Some of the entrepreneurs working with TikTok Shop are from China, bringing with them Chinese capital and prior live shopping experience. While many of the entrepreneurs working with TikTok Shop are Indonesian, like DCT’s Nugroho and Pasar Kreatif Digital founder Daniel Tjandra, who have strong networks of local influencers as well as businesses.
A small group of Indonesian live streamers are coached by Richard Ma, a 31-year-old marketing expert in Beijing, to promote items like $40 (about Rs. 3289) air fryers and $8 (approximately Rs. 657) Bluetooth earphones. His business has been purchasing products recently from Alibaba’s wholesale website 1688.com and transporting them to a warehouse close to Jakarta. Numerous of those items are top sellers in the developing Douyin e-commerce business.

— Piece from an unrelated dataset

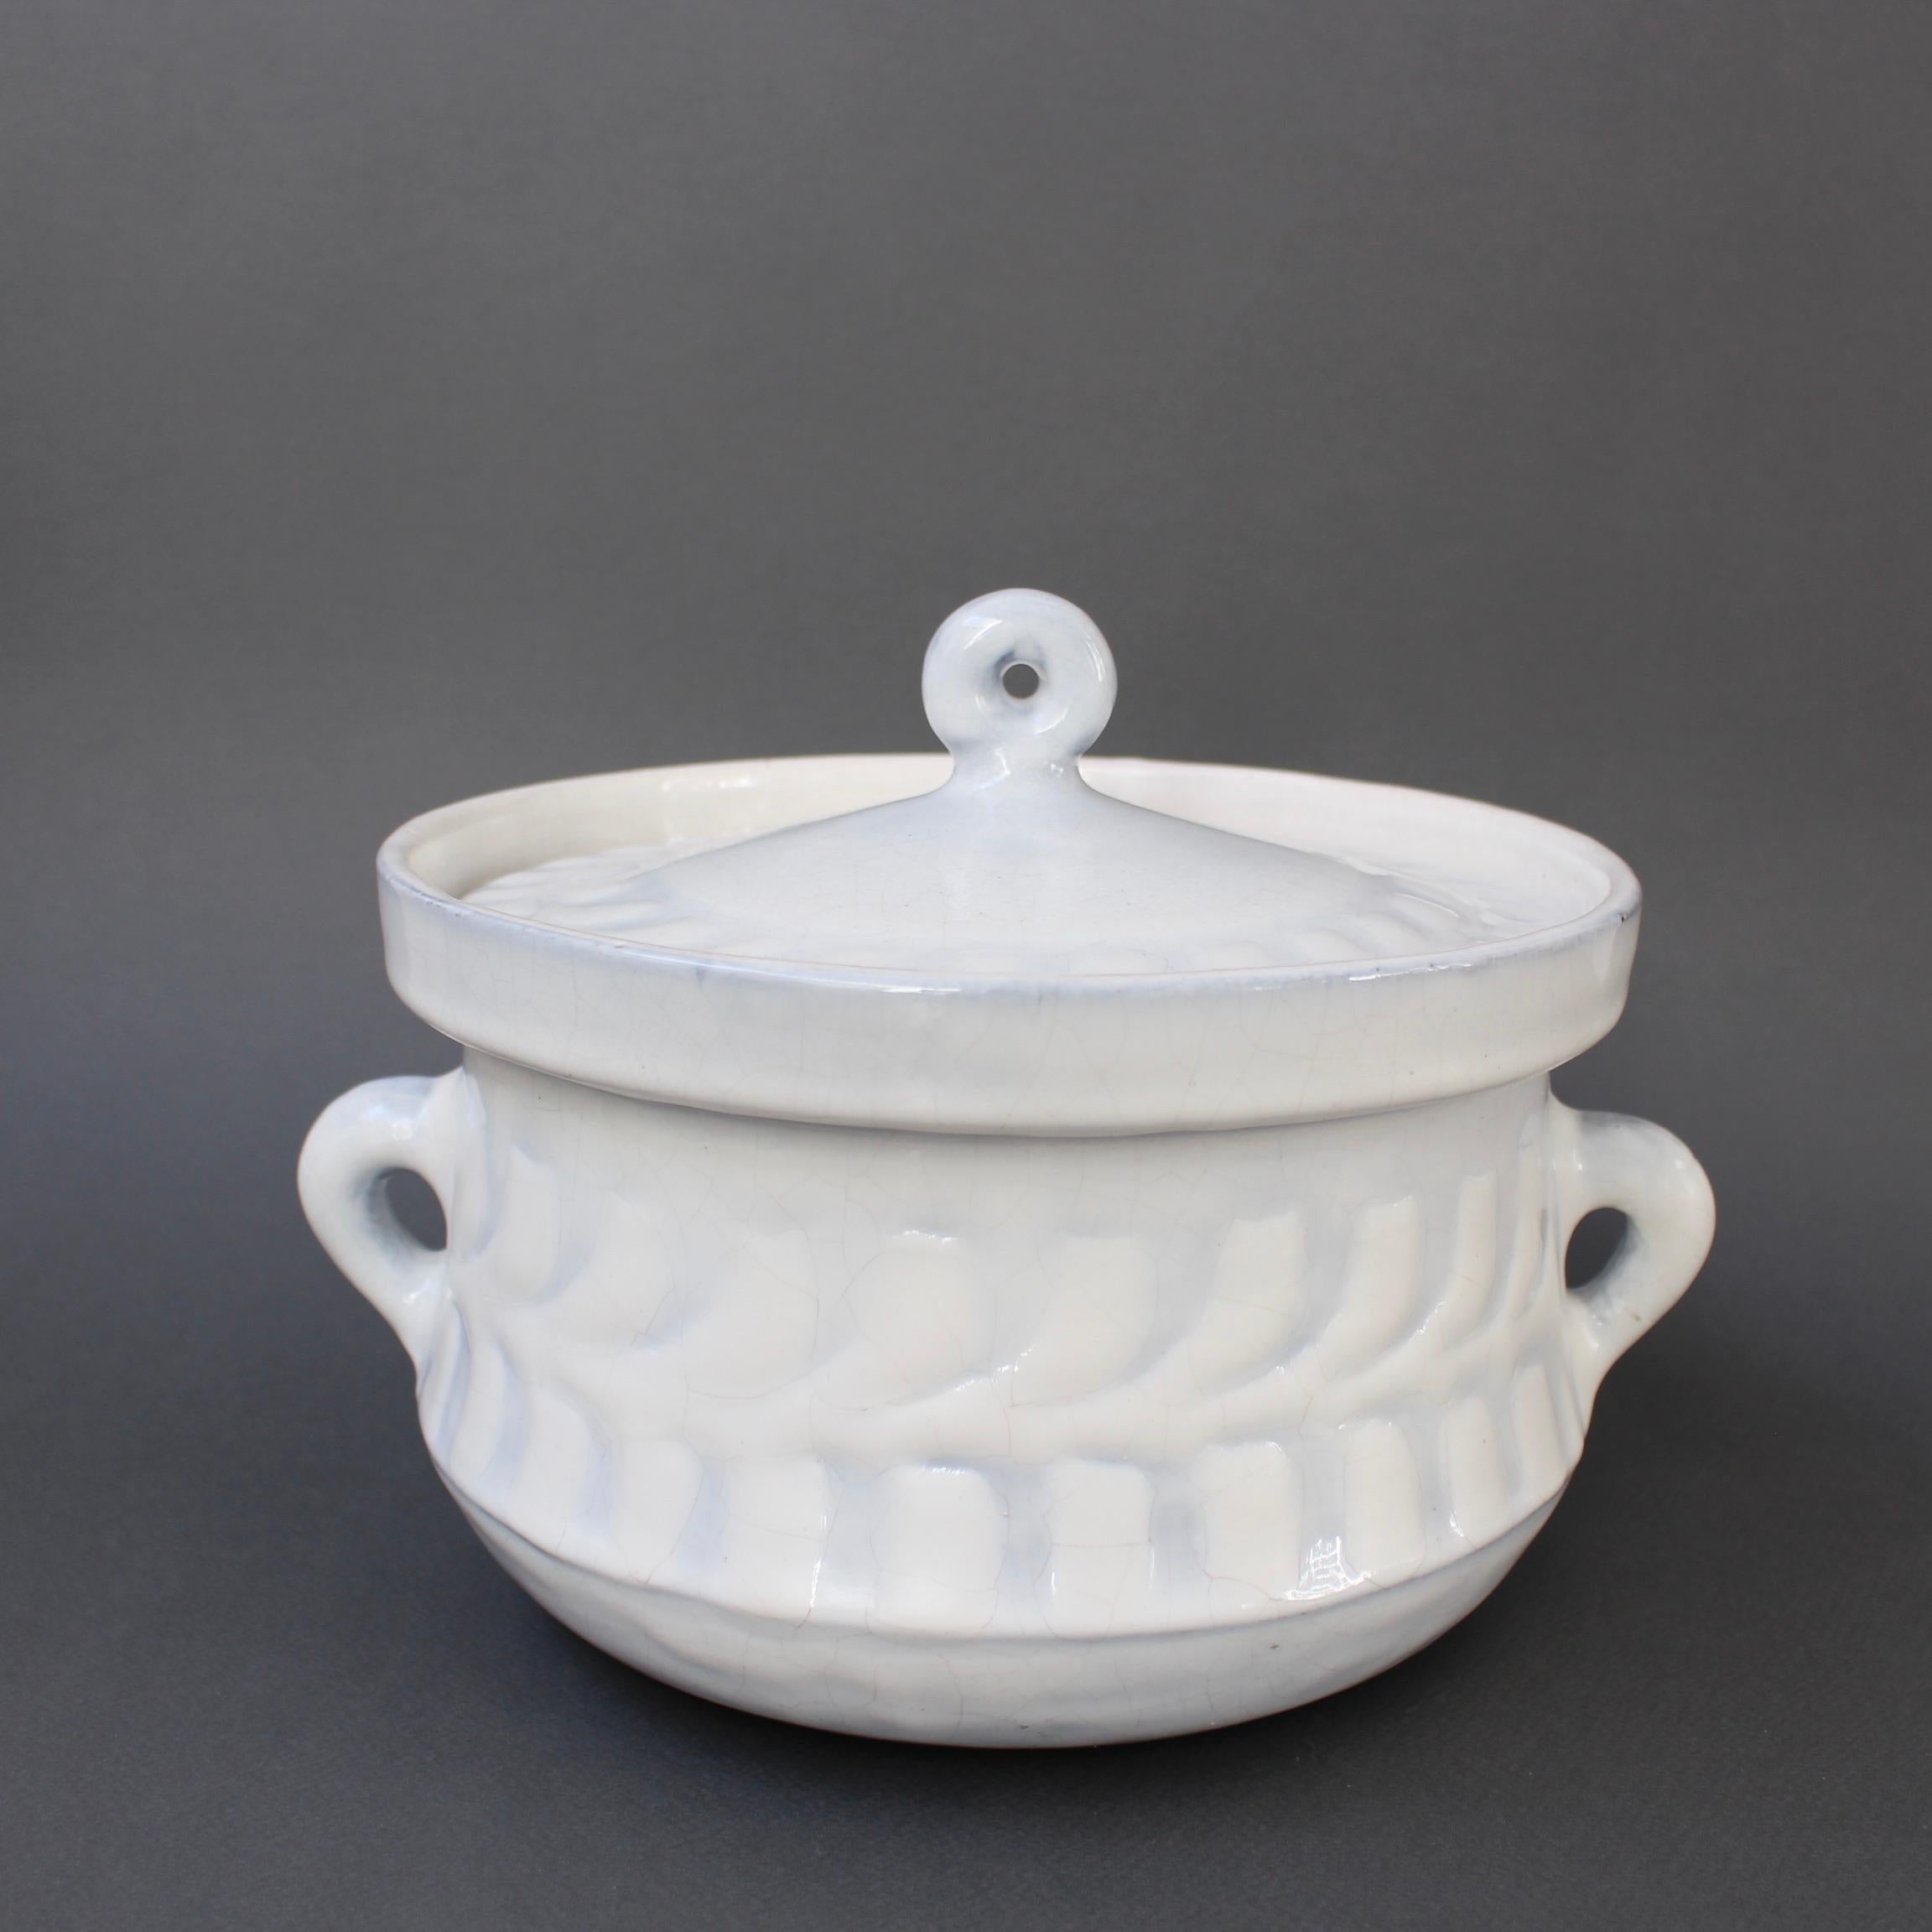 Vintage French ceramic tureen by Roger Capron (circa 1960s). A luscious creamy white base with subtle grey-blue hues in the repeating décor pattern is graceful and charming all at once - elegant in all its simplicity. The bowl has handles on both

“We can replicate the China model and adapt it to different markets,” he said, nothing that his business was still losing money because to the high upfront costs and low pricing points. Ma claimed that given the site’s expanding scope, he is confident that he will soon make a profit.
Important US market:
There are still unknowns, despite the fact that TikTok’s success in Indonesia helps shield the company from the effects of a potential US ban.
According to research firm Cube Asia, TikTok customers in Indonesia spend an average of $6 (roughly Rs. 493) to $7 (roughly Rs. 575) per transaction, which is why the US is still crucial for TikTok’s e-commerce business despite the fact that there are numerous bills in Congress that could outlaw the app.
However, for the time being, businesspeople like Wang only foresee TikTok Shop growing. He has ambitions to soon relocate into a recently renovated office block in Menteng, a posh area of the Indonesian capital, as his company is close to $1 million (approximately Rs. 8,300 crore) in monthly goods sales. By the end of this year, he additionally intends to hire 500 livestreamers. He stated that he might then go on to other growth markets after that.
The first step is to take the top spot in Indonesia, he declared. “After that, we can attempt a different continent or location. One step at a time is required.